O Projeto de Lei do Sendo n. 236, de 2012, que pretende instituir o novo Código Penal brasileiro, regulamentou de forma distinta a autoria e participação. Aduz o relator que, lastreando-se no funcionalismo penal, cunhou um “conceito unitário funcional”.
Essa expressão – “conceito unitário funcional” –, por si só, demonstra a incapacidade do legislador na compreensão do funcionalismo penal e da teoria do domínio do fato. Decerto, o funcionalismo prega a distinção entre autoria e participação e, contudo, o projeto agregou “unitário” ao “funcional”, tornando enigmática a intenção dos parlamentares.

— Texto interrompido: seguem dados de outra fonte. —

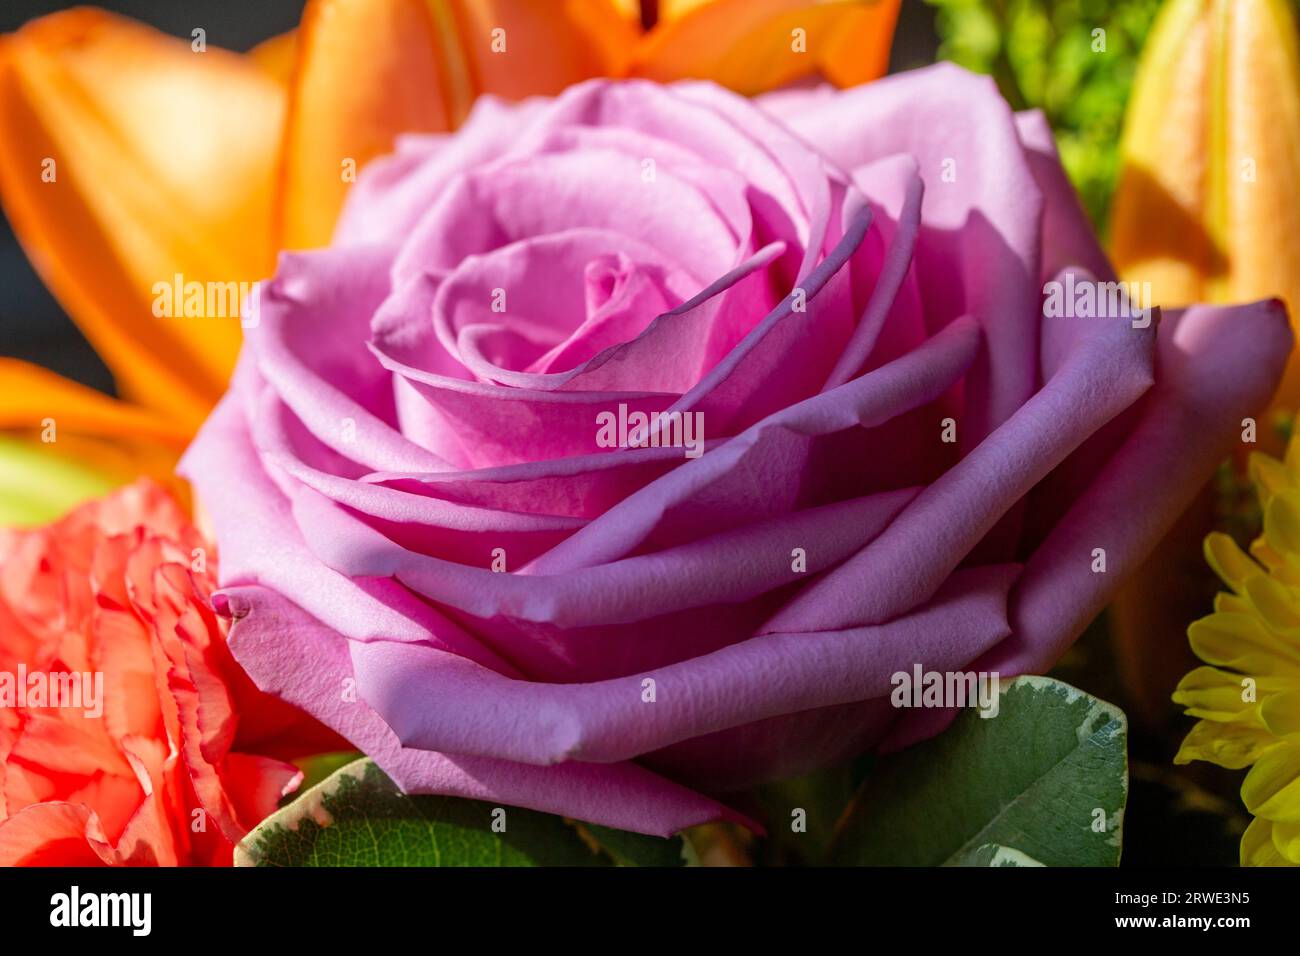 Macro texture background of fresh bright flowers in an indoor florist arrangement, featuring a lavender rose Stock Photo
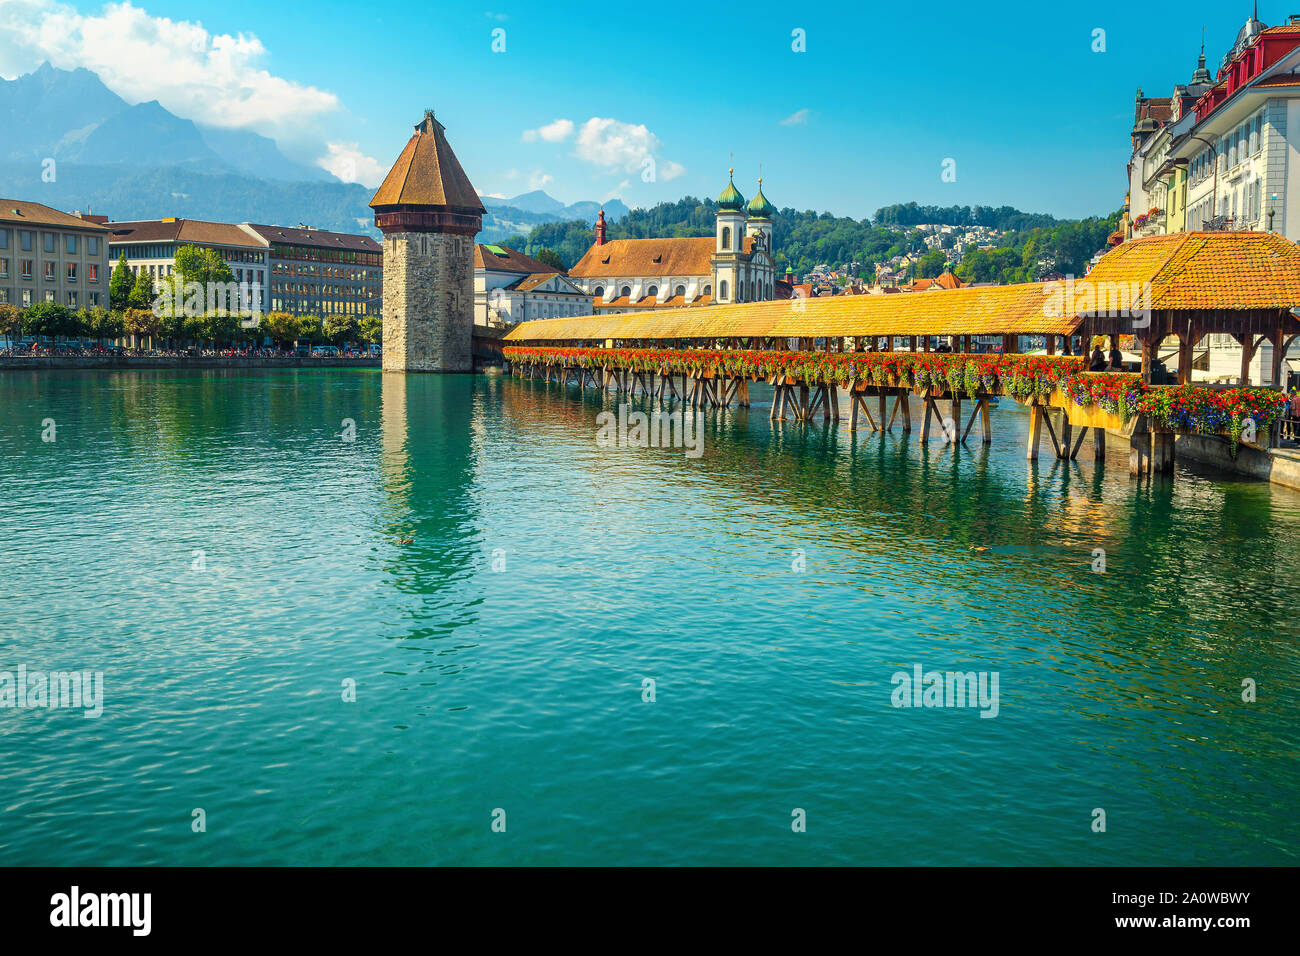 Spectacular touristic and travel destination in Lucerne. Famous Jesuitenkirche church with Reuss river. Fantastic cityscape view with flowered wooden Stock Photo

Vale conferir os artigos 36 a 38 do projeto, que versam sobre o concurso de pessoas151:
Concurso de pessoas
Art. 36. Quem, de qualquer modo, concorre para o crime incide nas penas a este cominadas, na medida de sua culpabilidade.
150 GRECO, Luís; LEITE, Alaor; TEIXEIRA, Adriano; ASSIS, Augusto. Autoria como domínio do fato: estudos introdutórios sobre o concurso de pessoas no direito penal brasileiro, p. 80.
151 BRASIL. Projeto de Lei do Senado – PLS n. 236, de 2012. Novo Código Penal. Disponível em: < http://www25.senado.leg.br/web/atividade/materias/-/materia/106404>. Acesso em: 21 abr. 2016. Trata-se da versão mais atual, publicada em 17 de dezembro de 2014.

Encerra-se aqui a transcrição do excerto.